- EXERCISE INSTRUCTIONS -
Could you retype the lines below, starting at the line holding "Types of Smoking Temptation" and stopping at the line holding "Bonds & Basic Needs", inclusive? Copy them exactly and drop the images.

*** DATASET ***

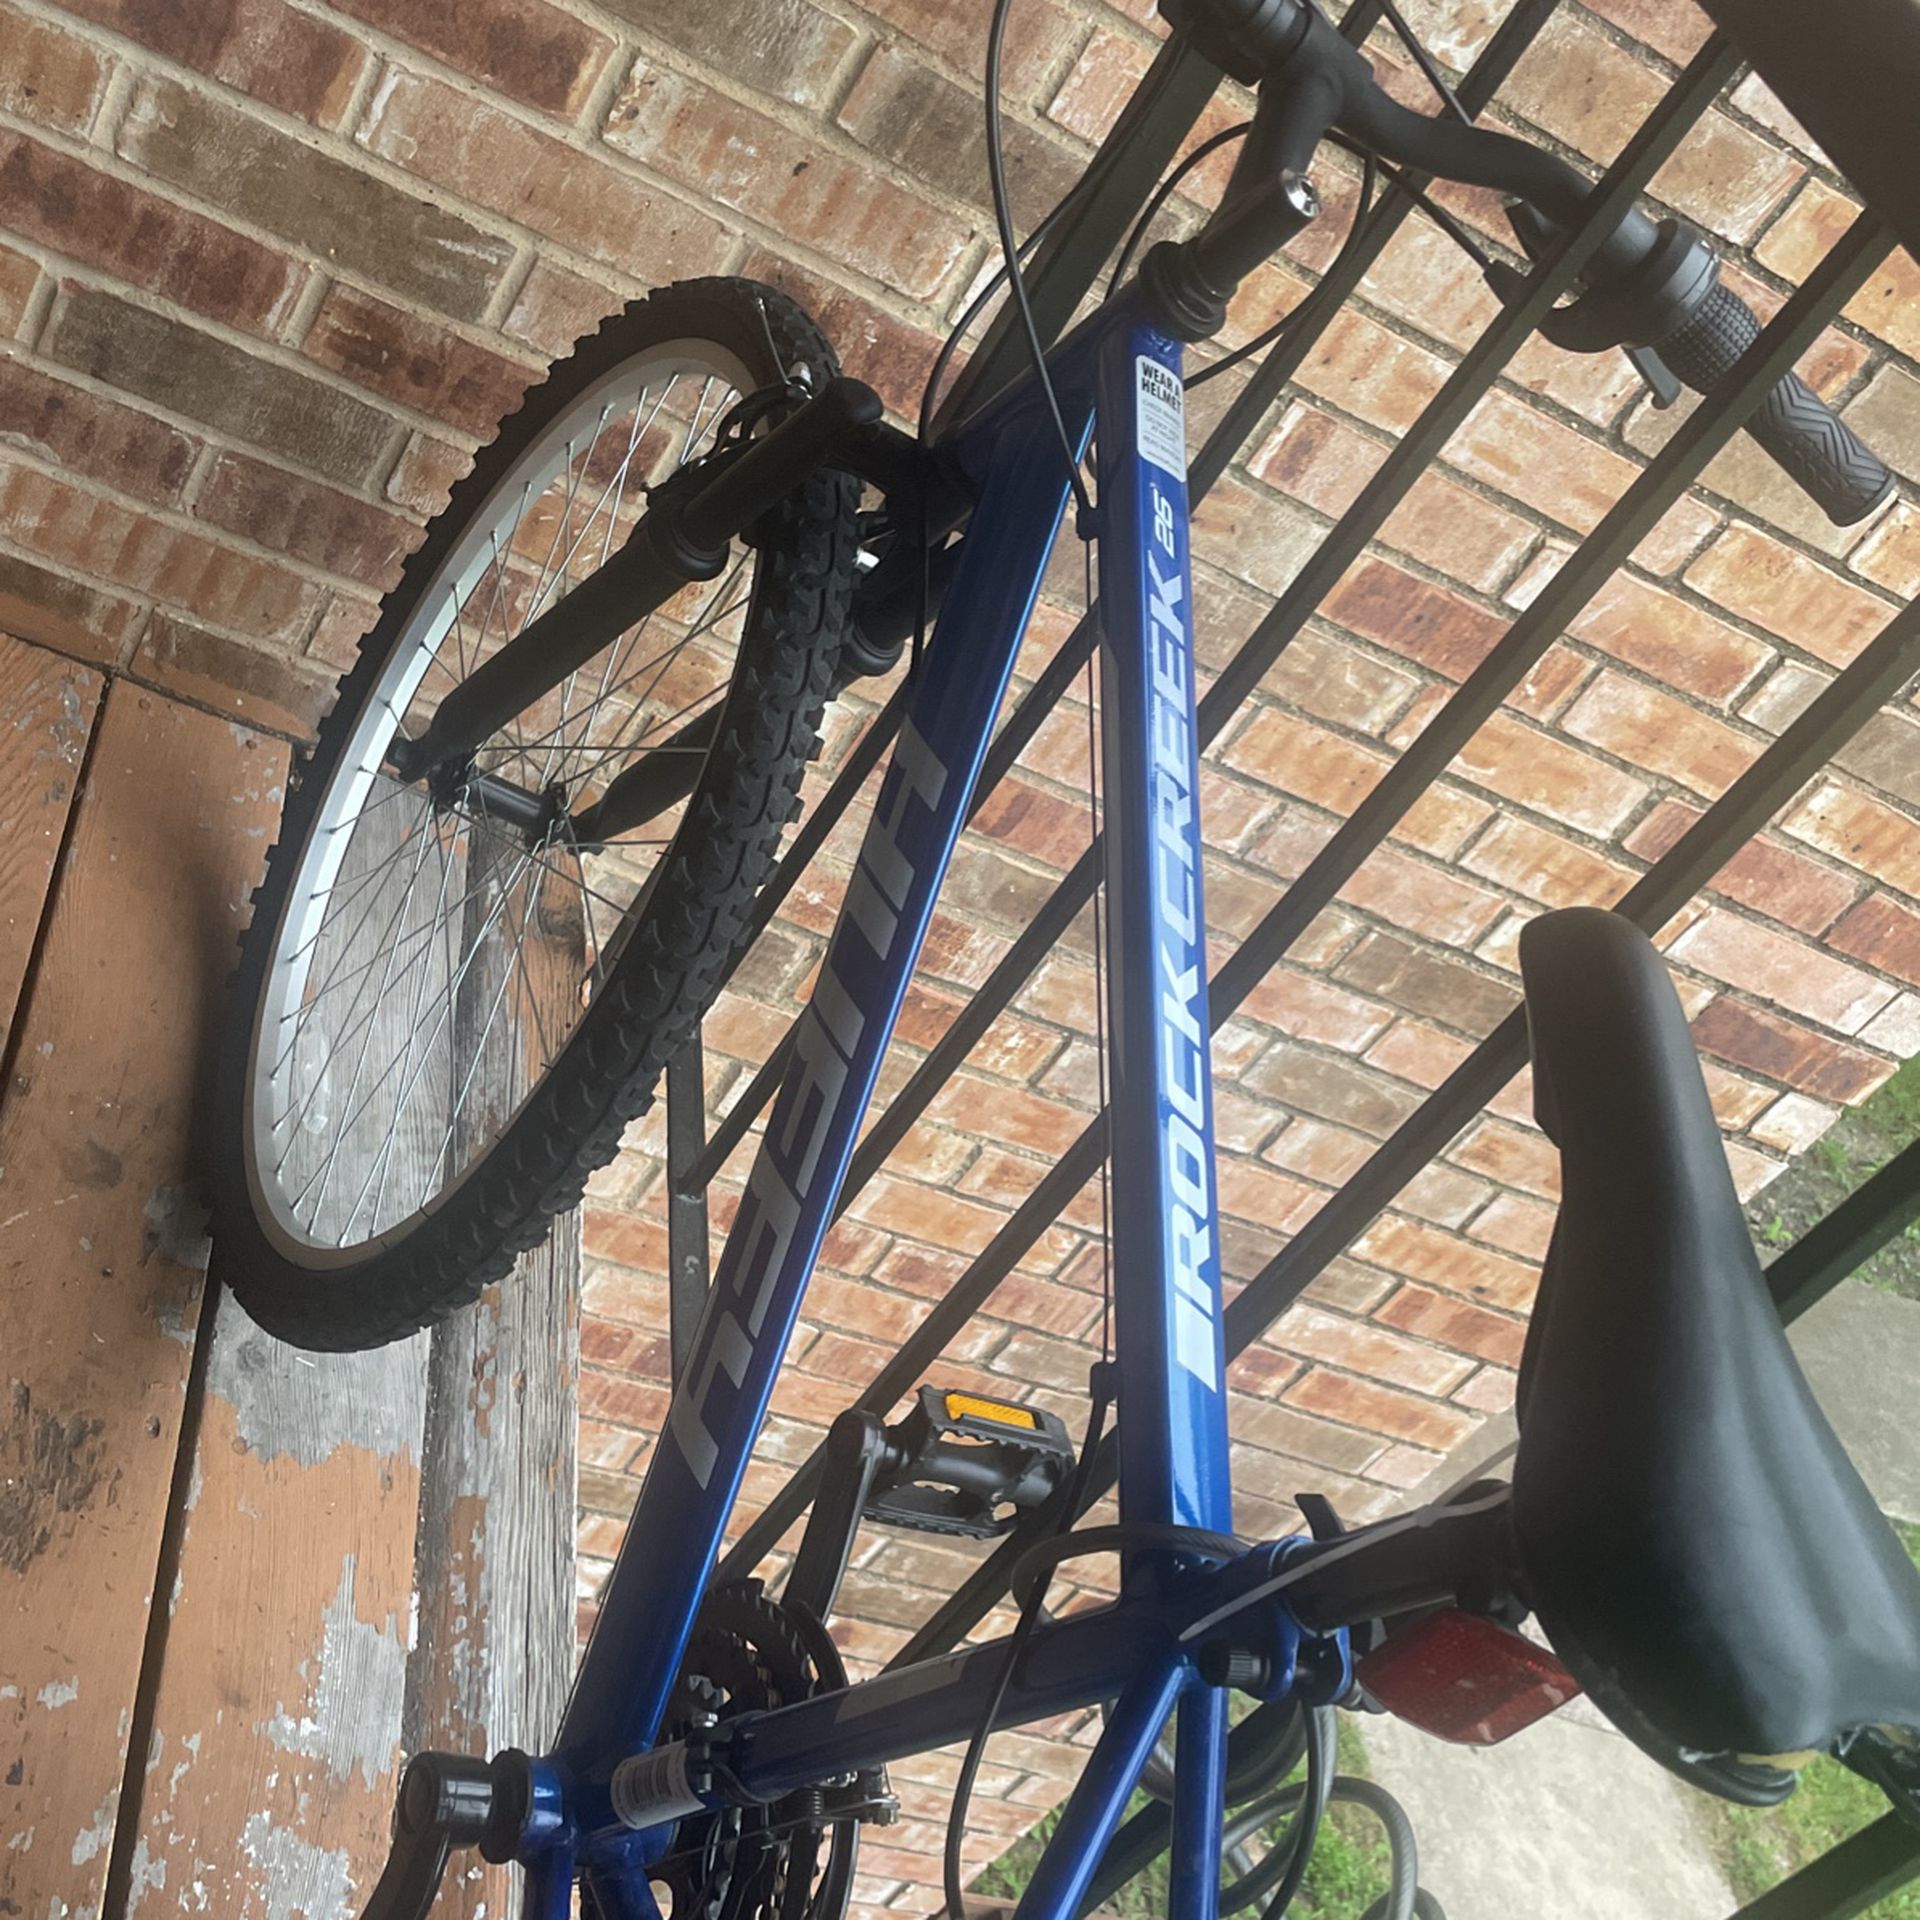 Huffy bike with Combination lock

***
*** DATASET ***

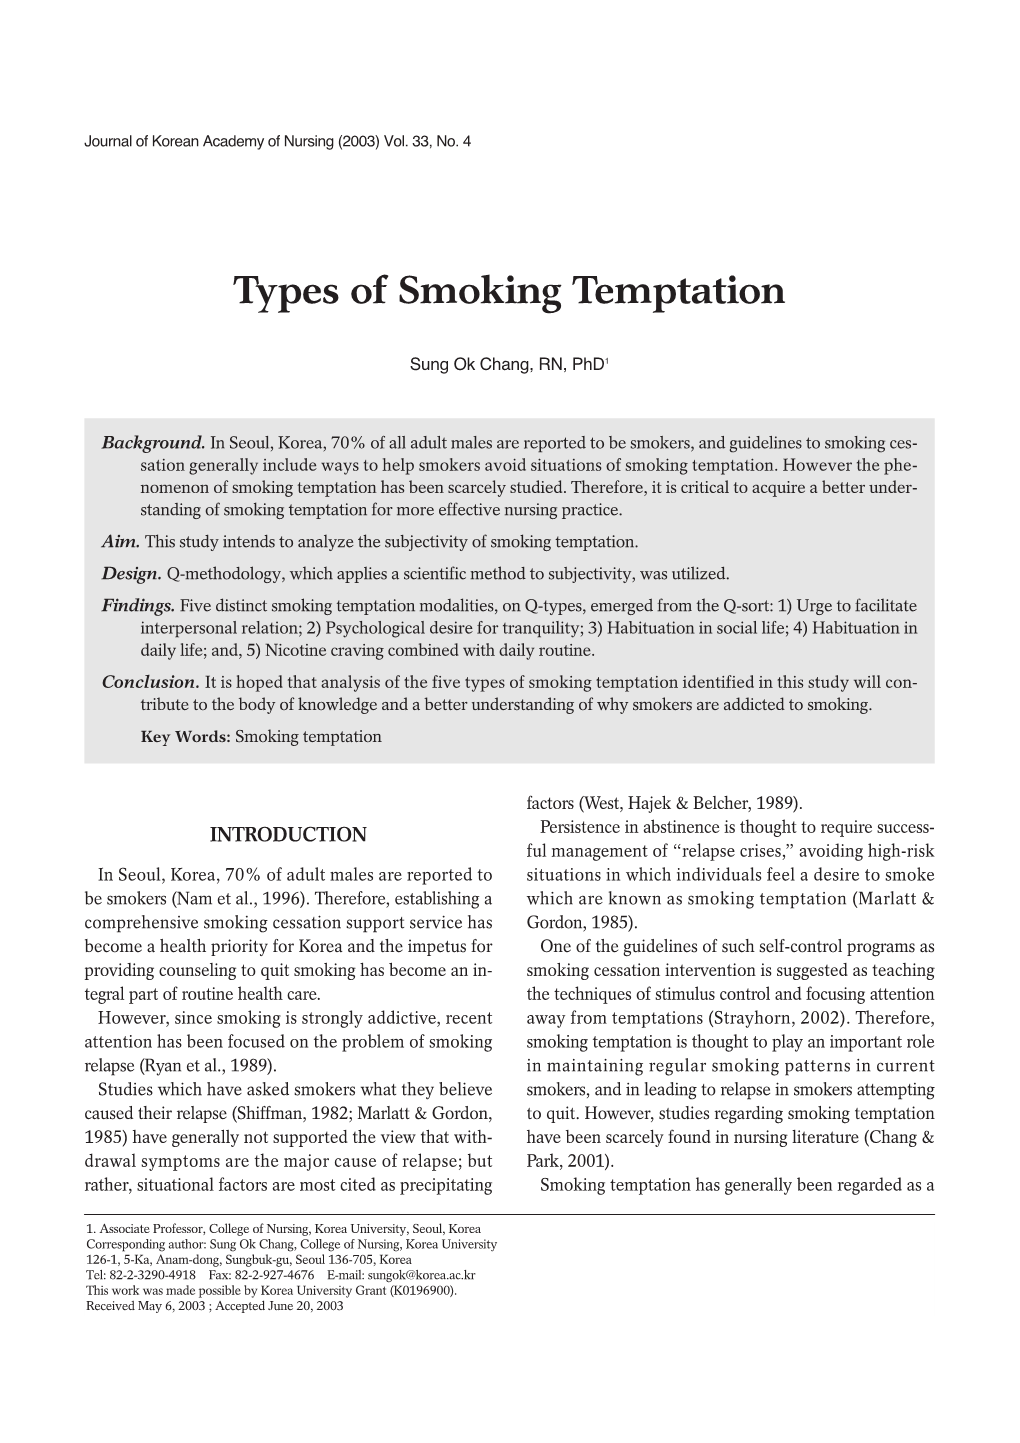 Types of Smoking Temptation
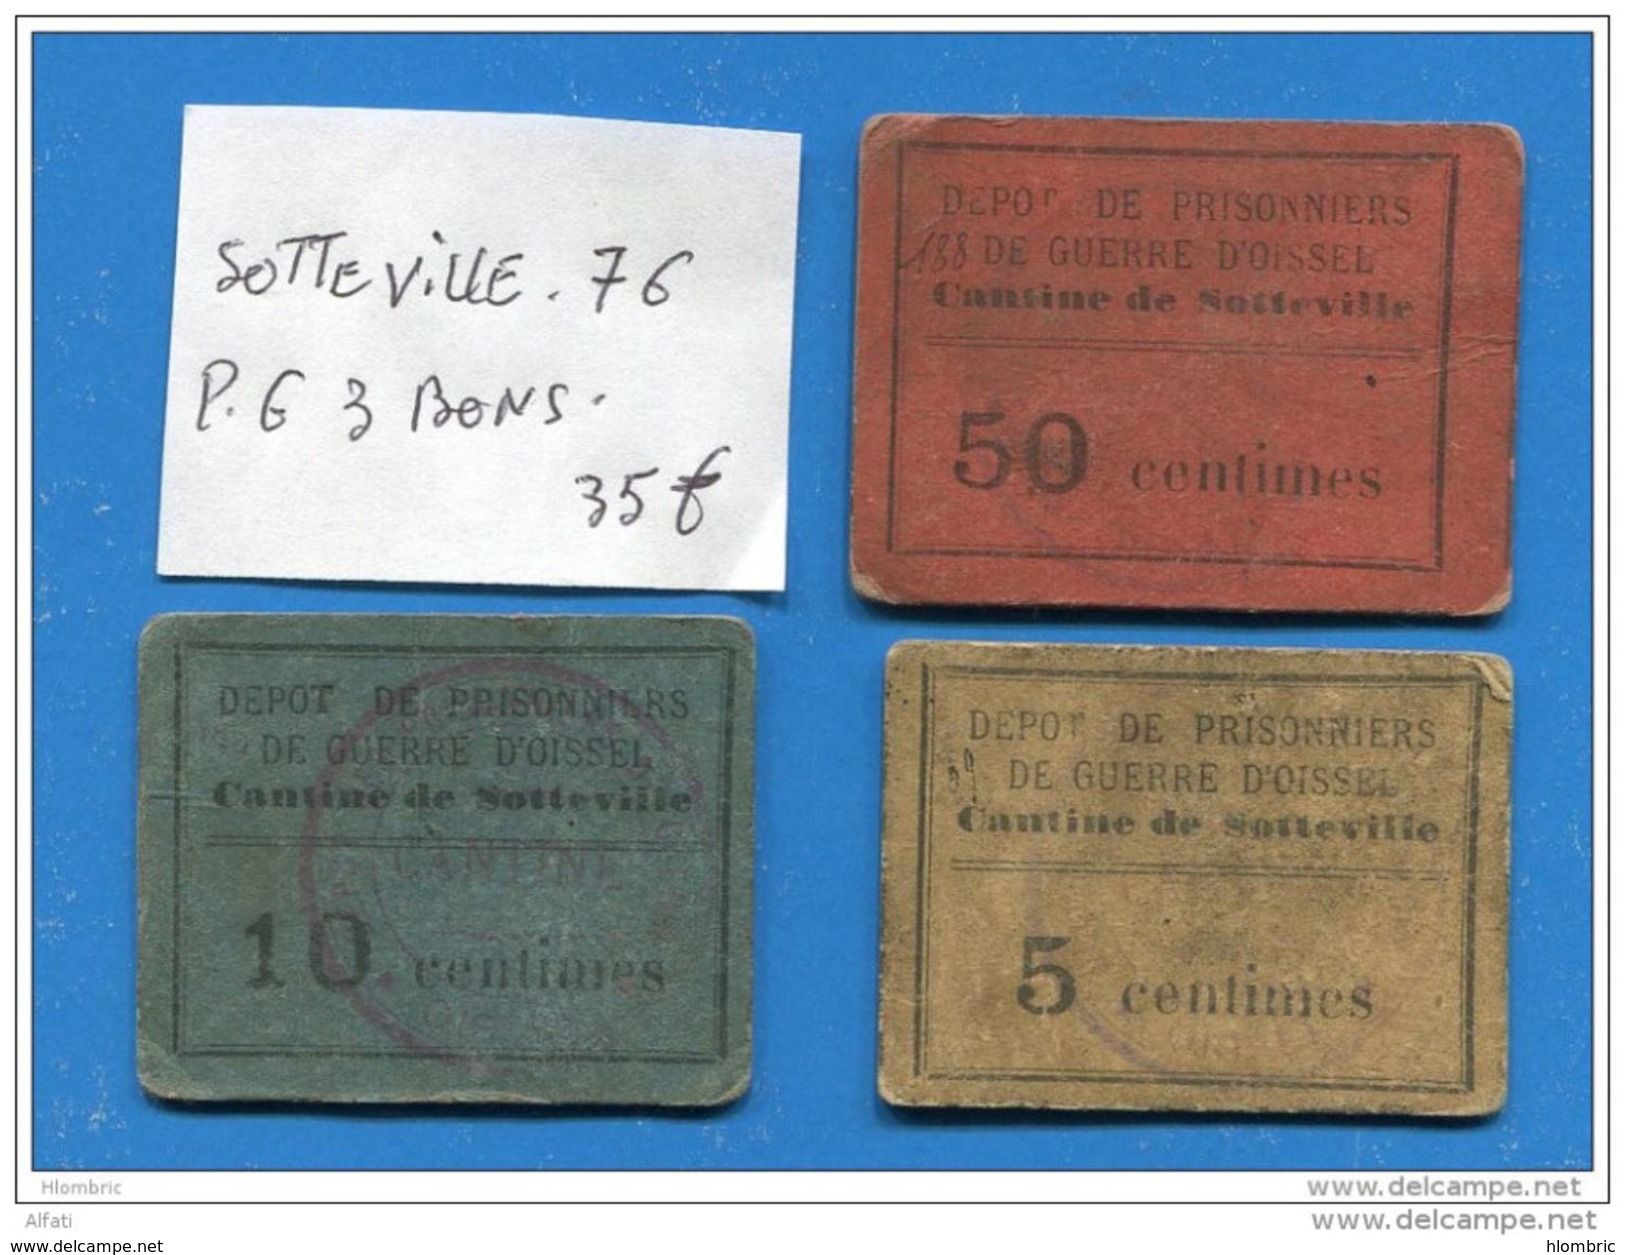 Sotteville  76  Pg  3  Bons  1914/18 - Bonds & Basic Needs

***

- REPLY TO THE TASK -
 Types of Smoking Temptation
 Sotteville  76  Pg  3  Bons  1914/18 - Bonds & Basic Needs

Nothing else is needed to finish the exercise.